Cecília sorriu; ia fazer uma travessura.
— Assim, tu ficarias contente se tua senhora em vez de trazer este bracelete, trouxesse um presente dado por ti?
— Muito.
— E o que me dás tu para que eu me faça bonita? perguntou a menina gracejando.
O índio correu os olhos ao redor de si e ficou triste; podia dar a sua vida, que de nada valia; mas onde iria ele, pobre selvagem, buscar um adorno digno de sua senhora!
Cecília teve pena do seu embaraço.
— Vai buscar uma flor que tua senhora deitará nos seus cabelos, em vez deste bracelete que ela nunca deitará no seu braço.
Estas últimas palavras foram ditas com um tom de energia, que revelava a firmeza do caráter desta menina; ela fechou outra vez o bracelete na caixa e ficou um momento melancólica e pensativa.
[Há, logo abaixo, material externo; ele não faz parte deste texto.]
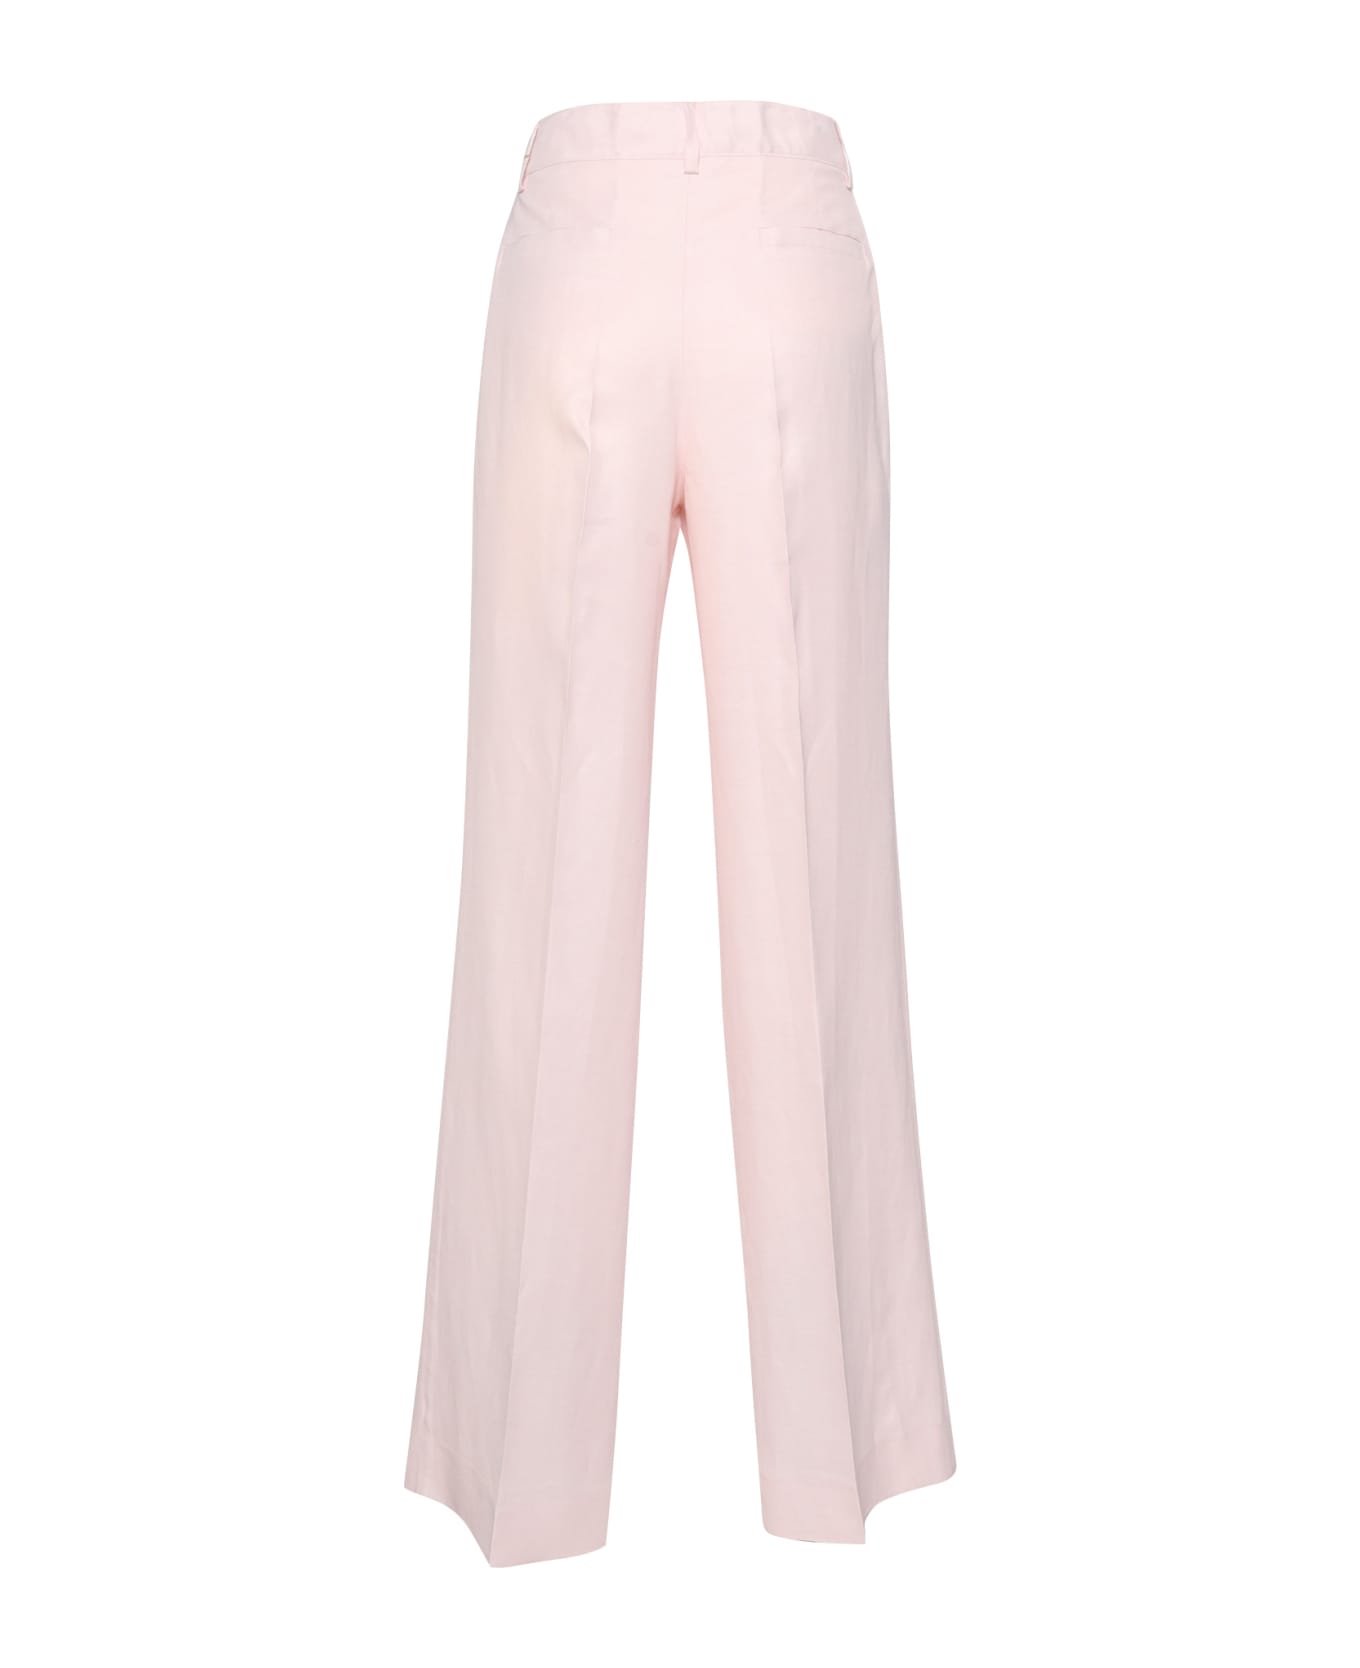 Parosh Pantalone Elegante Donna - PINK ボトムス

Peri voltou trazendo uma linda flor silvestre que encontrara no jardim; era uma parasita aveludada, de lindo escarlate. A menina prendeu a flor nos cabelos, satisfeita por ter cumprido um inocente desejo de Peri, que só vivia para cumprir os seus; e dirigiu-se ao quarto de sua prima, ocultando no seio a caixinha de veludo.